A feed or farm store should have horse stall bedding. It is wood pellets like the wood stove pellets but is made for use as animal bedding. It is about the same price as wood stove pellets and should be avaliable all year. 

If you can't get these, you can just use newspaper and change it every day. It's not the best and doesn't do much for the odor, but it's better than nothing. 

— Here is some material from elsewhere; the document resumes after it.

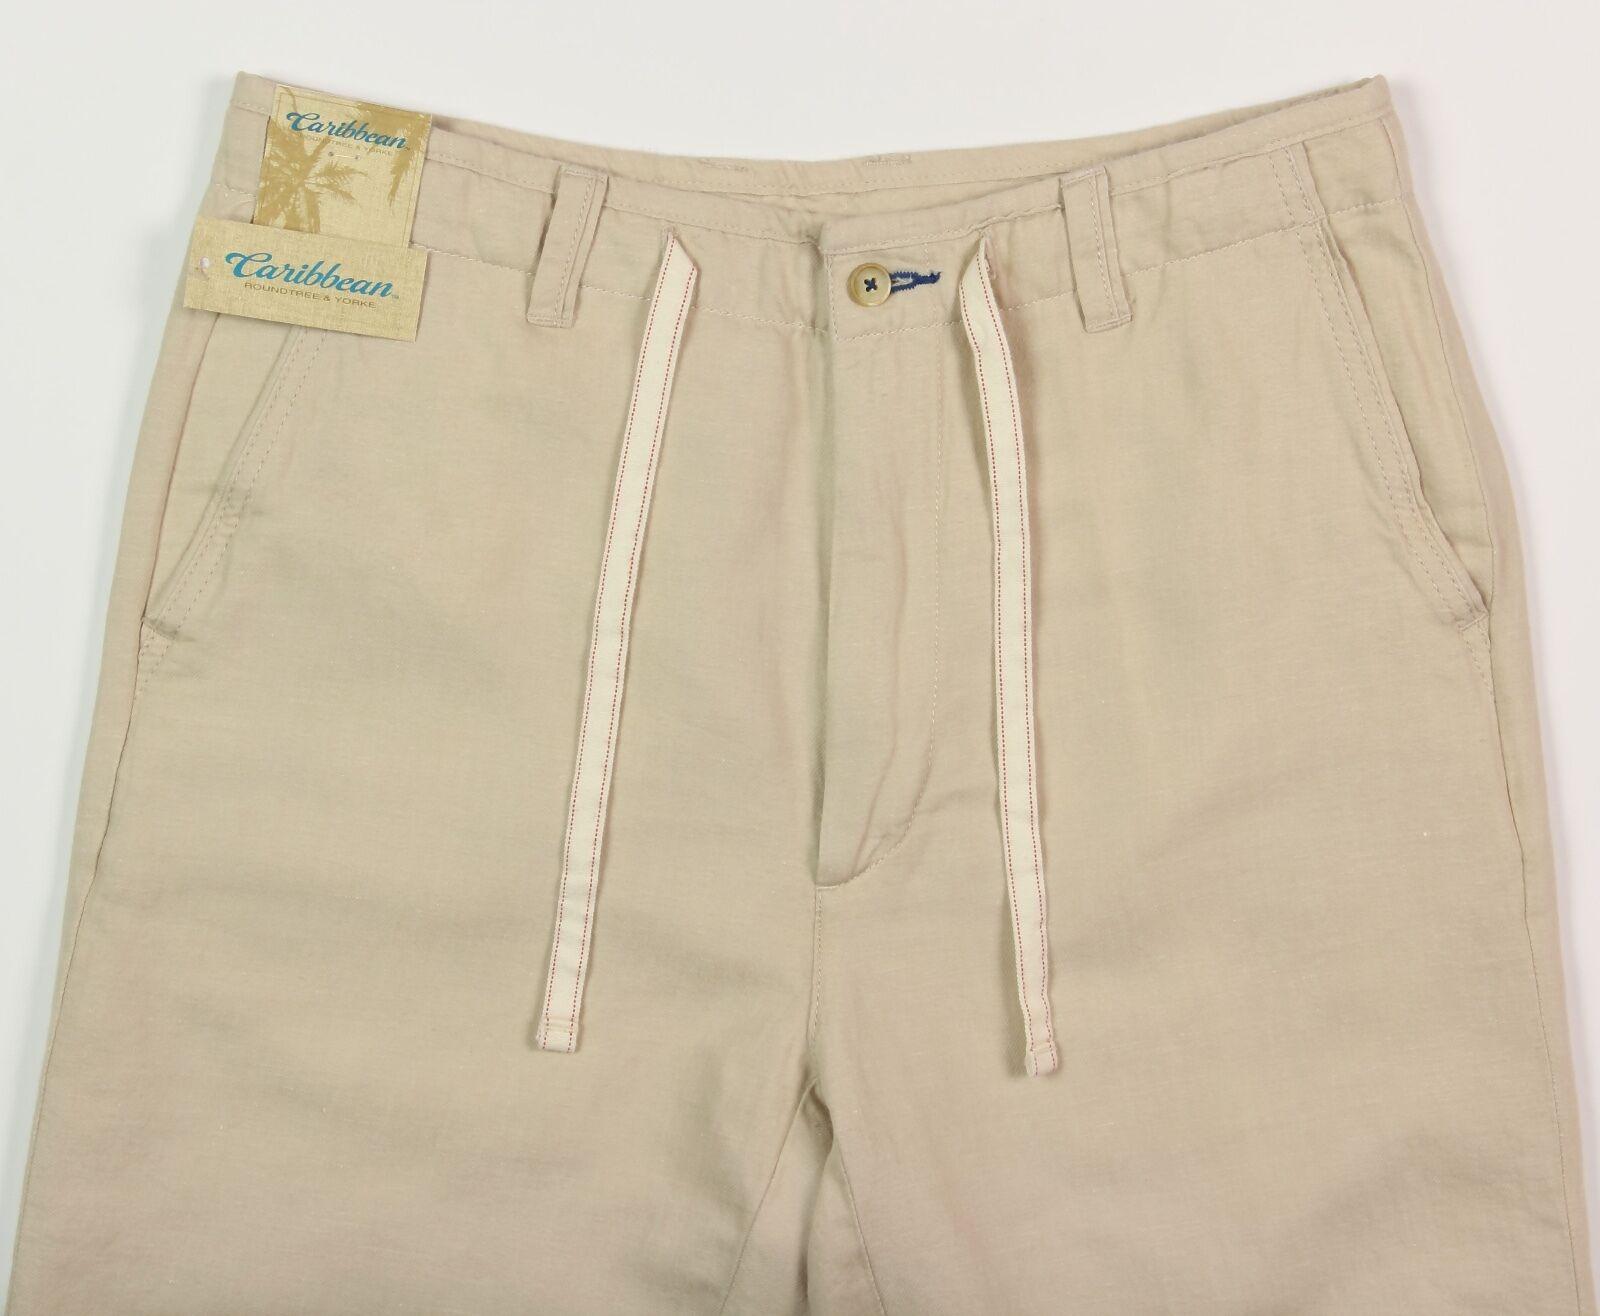 Men's CARIBBEAN Natural Light Khaki LINEN COTTON Drawstring Pants 32x32 NEW NWT

You can also try using a sifting litter box or one with a raised grate and not using litter at all. The pee you could just pour down the sink and the poops can go into the garbage or compost.


----------



## Nancy McClelland (Nov 29, 2010)

Walmart also has "Petspick", which is a kiln dried pine. Works fine for our brood.


----------



## mitchell8684 (Nov 29, 2010)

yay! am going to try out the yesterdays news litter --- printed a coupon off of there site for buy one get one free!!


----------



## maxysmummy (Nov 30, 2010)

we used to use the pressed newspaper pellets but upon advice of the pet shop people we switched to wood shavings made into little pellets. it seems to last longer and you can tell just by looking at the pellets when its time for a change - the moisture makes them burst from pellets into like a sand stuff, whereas the newspaper stuff just seemed to get soggy.


----------



## MsBunBun (Nov 30, 2010)

I use Carefresh with a layer of newspaper on top of the Carefresh litter, and on top of the newspaper I use fresh hay.  works well, and its easy to clean. (for me anyway)


----------



## elrohwen (Nov 30, 2010)

If you're looking for the cheapest and most effective, you can't go wrong with wood stove pellets. For $4-6 per 50lb bag you get something as good as any of the pet store litters.

Yesterday's News is a great litter and I think it works really well, but it's about 4x the cost of the wood stove pellets, so I switched.


----------



## slavetoabunny (Nov 30, 2010)

I use the horse stall bedding. I pay $8 per 40 lbs. It's the best litter I've every used (I've used Carefresh, Yesterday's News, and aspen shavings).


----------



## Suz (Nov 30, 2010)

I'm a wood stove pellet lover myself. Find a local place that sells wood stoves. They'll have like 40lb bags for like $5.00



Can't go wrong with that!


----------



## Mia (Dec 2, 2010)

*slavetoabunny wrote: *


> I use the horse stall bedding. I pay $8 per 40 lbs. It's the best litter I've every used (I've used Carefresh, Yesterday's News, and aspen shavings).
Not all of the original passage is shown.